Добавить в цитаты Настройки чтения

Страница 12 из 33

Глава 6

Хранительница Вилья открыла глаза и несколько мгновений созерцала знакомый до последней выбоинки потолок. Наконец-то она вернулась в свои угодья, в дом Лембы, в гостевую комнату, которую привыкла считать любимым логовом. Колдунья потянулась на лежанке, потом осторожно встала, оправила одежду, прошлась по комнате. Свежий шрам болит и тянет, сковывает движения, но явной слабостью Вильяра своих охотников сходу не смутит, и это хорошо. Мудрая откатила дверь, вышла в коридор, размышляя, с кого начать расспросы? Кто здесь достаточно своеволен, чтобы спрятать чужака, не оповестив даже главу дома?

Подросток по имени Рыньи вывернулся ей навстречу из покоев старшей жены кузнеца, распорядительницы Туньи. Вильяра повела носом и решительно шагнула в дверь, которую мальчишка не успел закатить за собой. Ну, вот и пропажа! Даже искать-расспрашивать не пришлось…

Щурова сыть!

— Рыньи! — громовым голосом.

— Я здесь, о мудрая Вильяра, — почтительный поклон от двери, с явным сожалением, что не успел удрать.

— Скажи-ка мне, Рыньи, давно ли чужак Нимрин находится здесь?

— Восемь дней, о мудрая. Он ждал тебя, очень ждал, а от других мудрых просил его спрятать. И мастеру Лембе мы не сказали, потому что мастер Лемба нынче не дома, а при мудром Стире. А ему на пятый день получшало, потом опять стало хуже. Два дня уже в себя не приходит, а вчера и питьё перестал принимать. Мы с тёткой смотрим за ним, старый Зуни пытается лечить его песнями, но всё без толку.

— Спасибо, Рыньи. Иди, куда шёл.

— Я… Мне… Позволь мне остаться здесь, о мудрая? — видно, как подросток трепещет перед Вильяриным гневом, но забота о больном пересиливает страх.

Колдунья бросила:

— Позволяю, — и тут же спросила, со злой досадой. — Рыньи, почему никто из вас не послал мне зов?
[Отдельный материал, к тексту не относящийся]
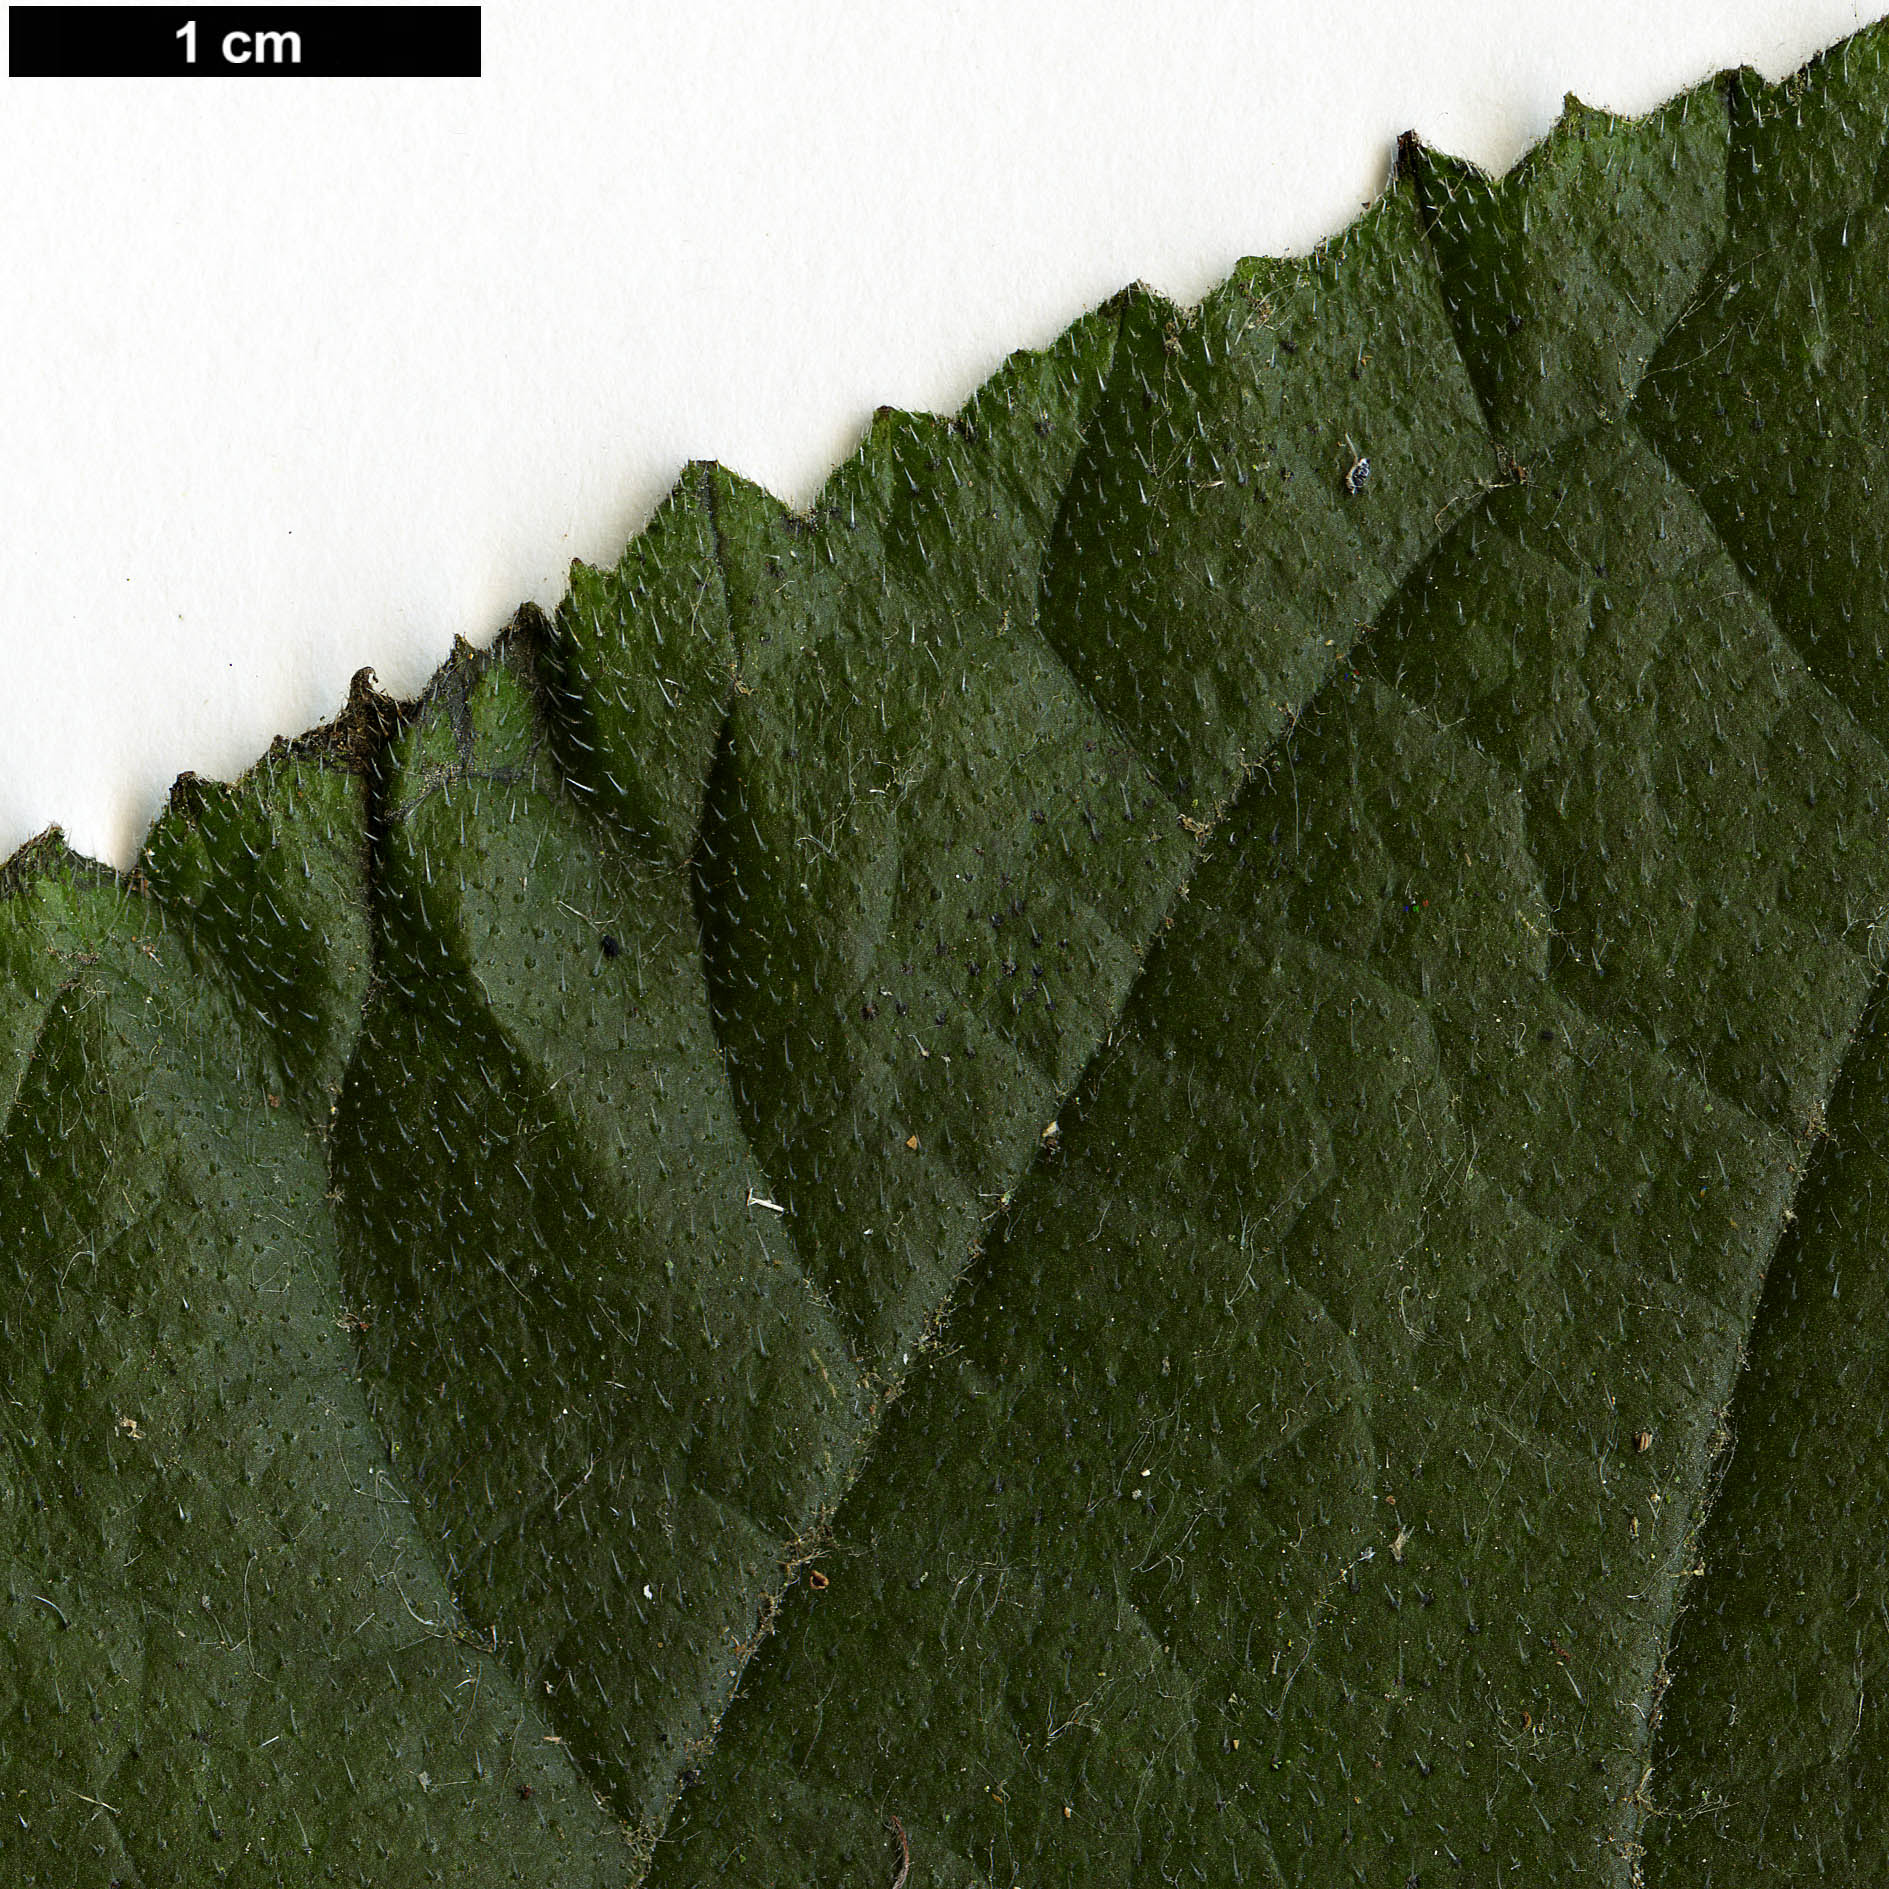 High resolution image: Family: Boraginaceae - Genus: Ehretia - Taxon: dicksonii

— Нам сказали, ты сама чуть жива. Распорядительница Тунья не стала беспокоить тебя и мне не велела, а я не посмел нарушить её волю.
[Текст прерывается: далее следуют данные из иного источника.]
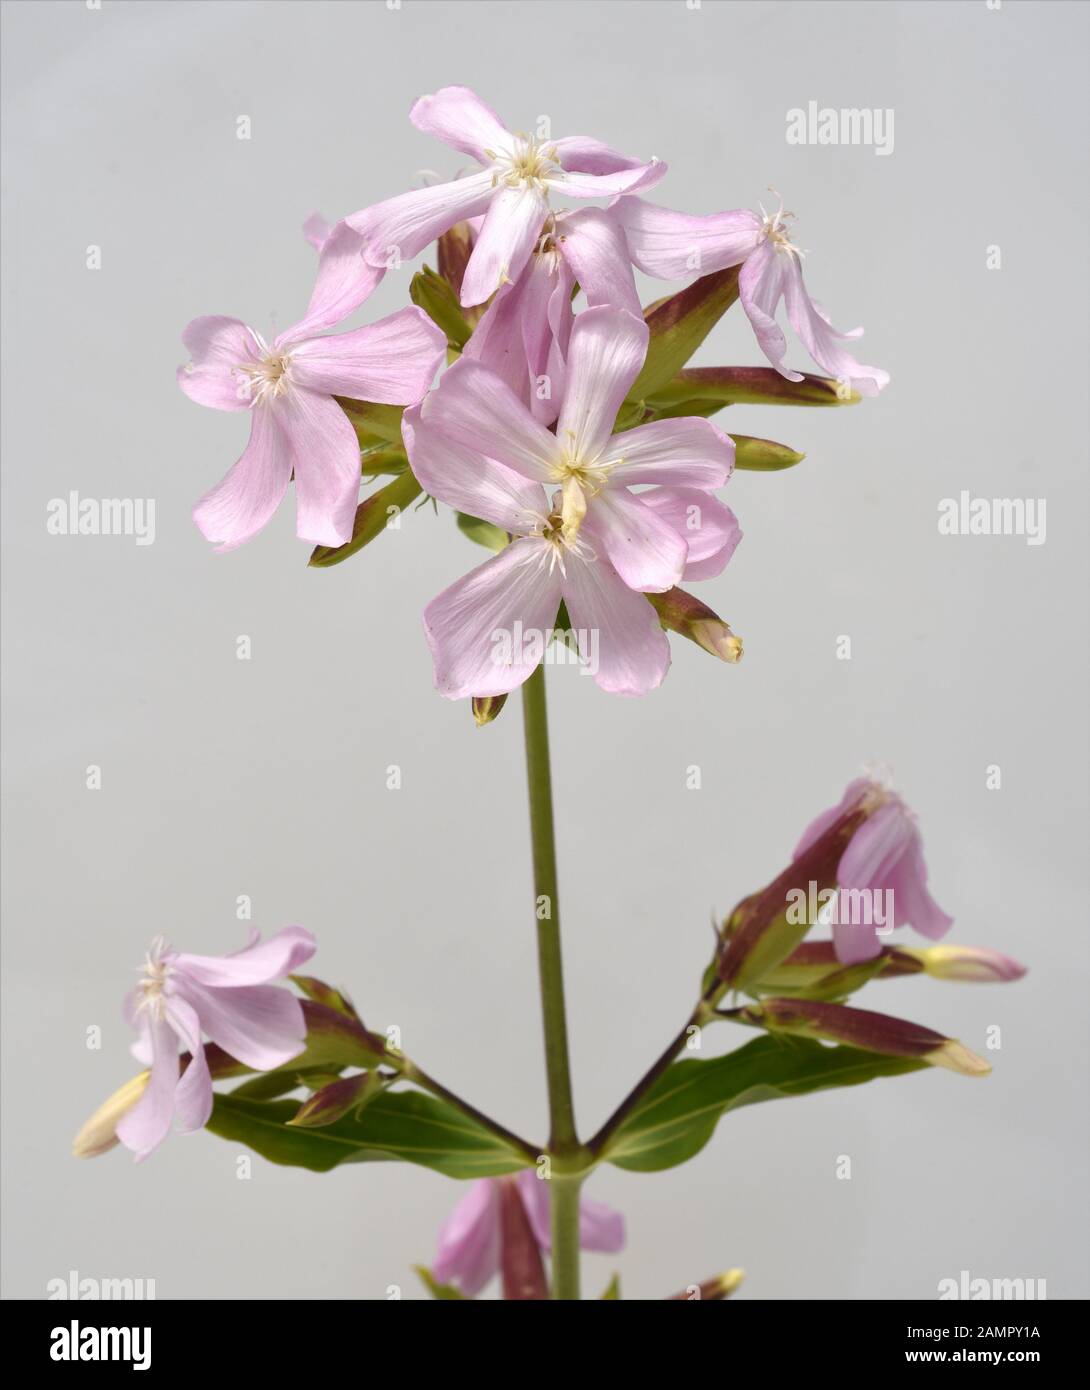 Seifenkraut, Saponaria caespitosa, ist eine wichtige Heil- und Medizinalpflanze und mit weissen Blueten. Soapwort, Saponaria caespitosa, is an importa Stock Photo

Ладно, с подростка — мало спросу, а бранить Тунью — что валун пинать. У знахаркиной дочери есть дело поважнее… Справится ли?

Кабы ни речи Пращура, она усомнилась! Песнь Равновесия ранила чужака сильнее, чем душекрад, смертельнее, чем нож беззаконника. Даже когда Иули в прошлый раз выполз из светлого круга — головня головнёй — он был здоровее! Да, он превратился тогда во что-то жуткое, но потом быстро перелинял обратно. А теперь замечательно живучее тело, способное без следа заращивать любые раны, словно позабыло, как должно быть устроено. И дух его больше не удерживает, плутает где-то по щуровым тропам. Будто Нимрину нечем и незачем жить дальше, будто он устал, отчаялся, сдался. Знахаркина дочь слишком хорошо знает привкус этой предсмертной безнадёги и мало что ненавидит сильнее! Нет, даже если бы Пращур не дразнил её невнятными обещаниями, она не отпустила бы своего воина без борьбы!
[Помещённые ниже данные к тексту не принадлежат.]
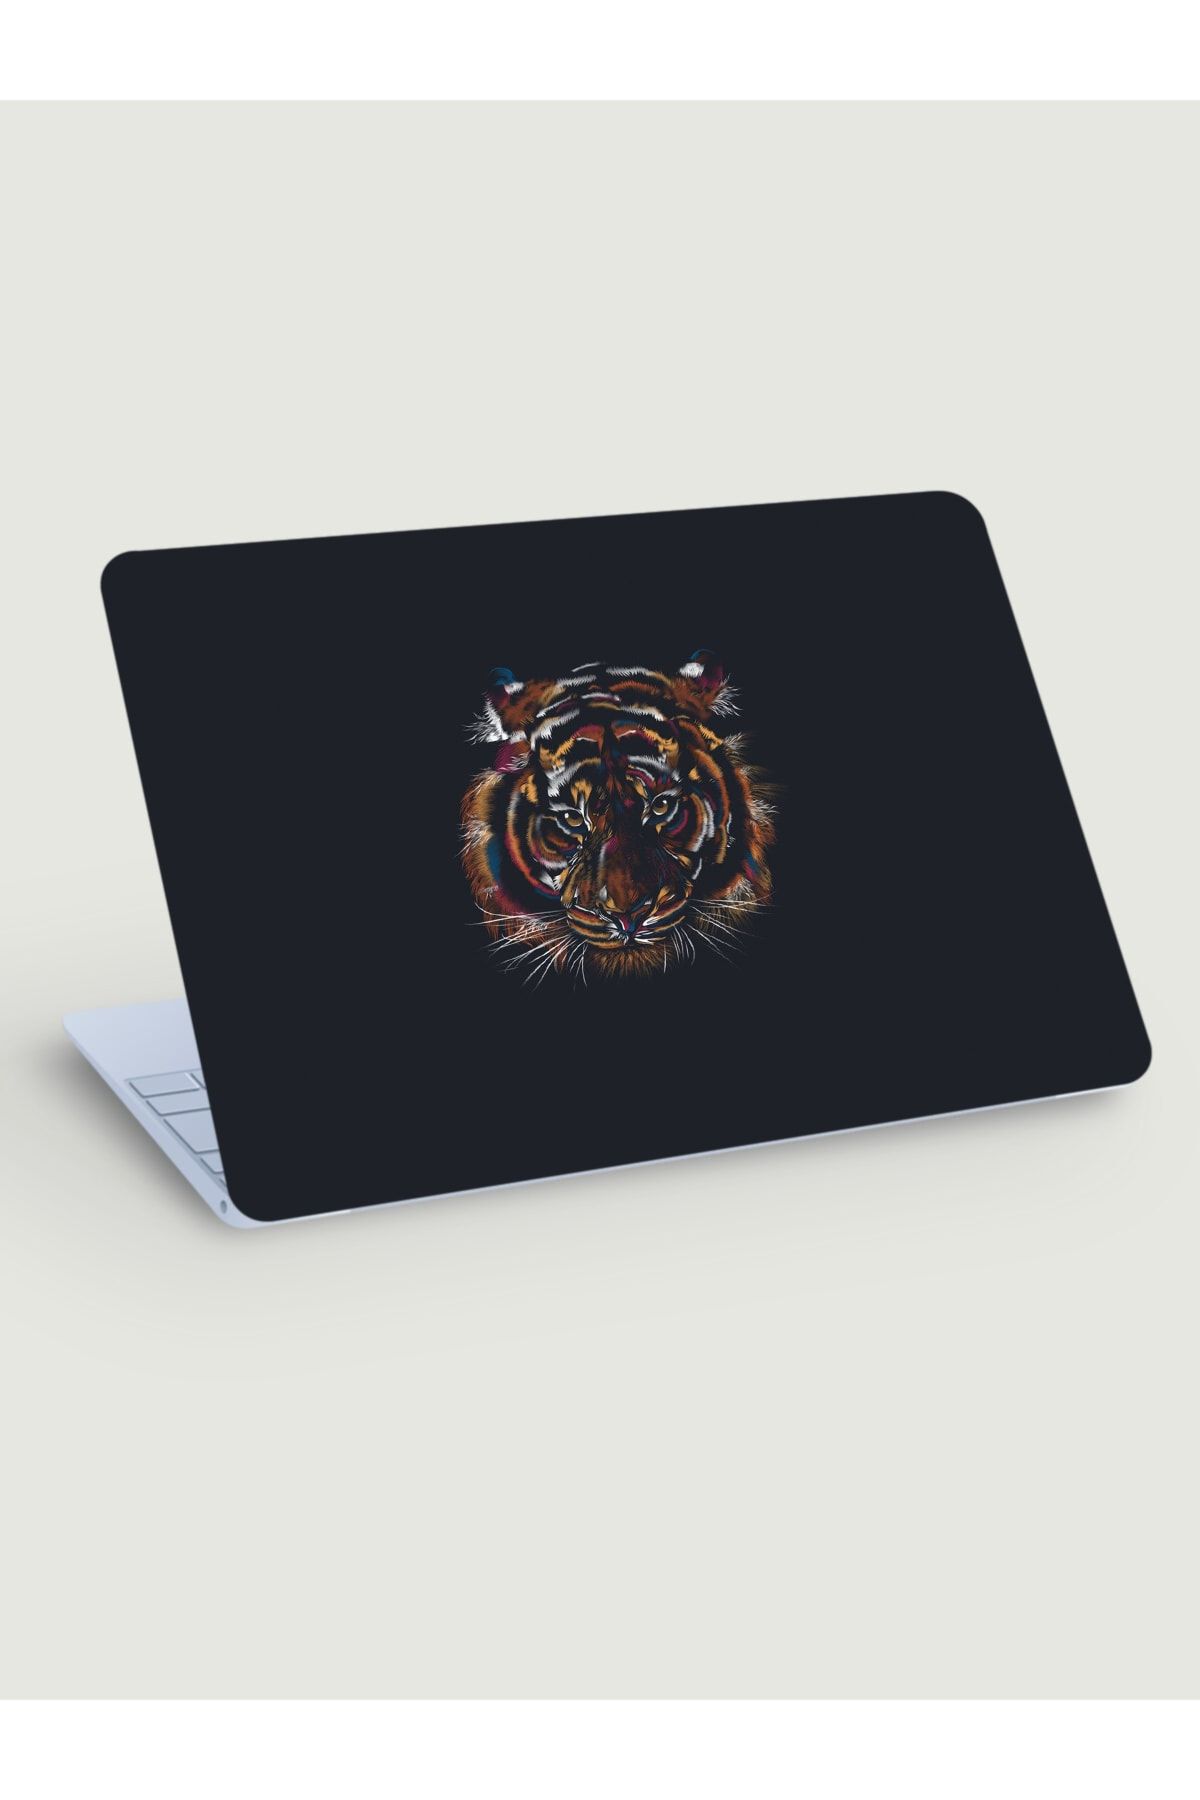 KT Decor Siyah Fon Kaplan Minimal Laptop Sticker

Она помнит, каким её Нимрин-Ромига был, каким он должен быть. В первую встречу, здесь же, в доме кузнеца, Вильяра пела над чужаком песнь Познания, потом связала чарами его и себя. Связь они разорвали недавно, след ещё не простыл. Станет ли колдунья для своего Иули путеводной побегайкой в мир живых? Волшебным зеркальцем, возвращающим лицо? Совладает ли?

Песня за песней, вслушиваясь в отзвуки, вглядываясь в ауру, направляя течение силы… Пращур сказал, подобное лечится подобным? Да, меченная Тенями колдунья, возможно, убедит тело Иули прекратить внутреннюю усобицу, не пожирать самоё себя. Вильяра способна помочь, помогает… Только не за раз, конечно! Голос охрип, колдовская сила иссякла.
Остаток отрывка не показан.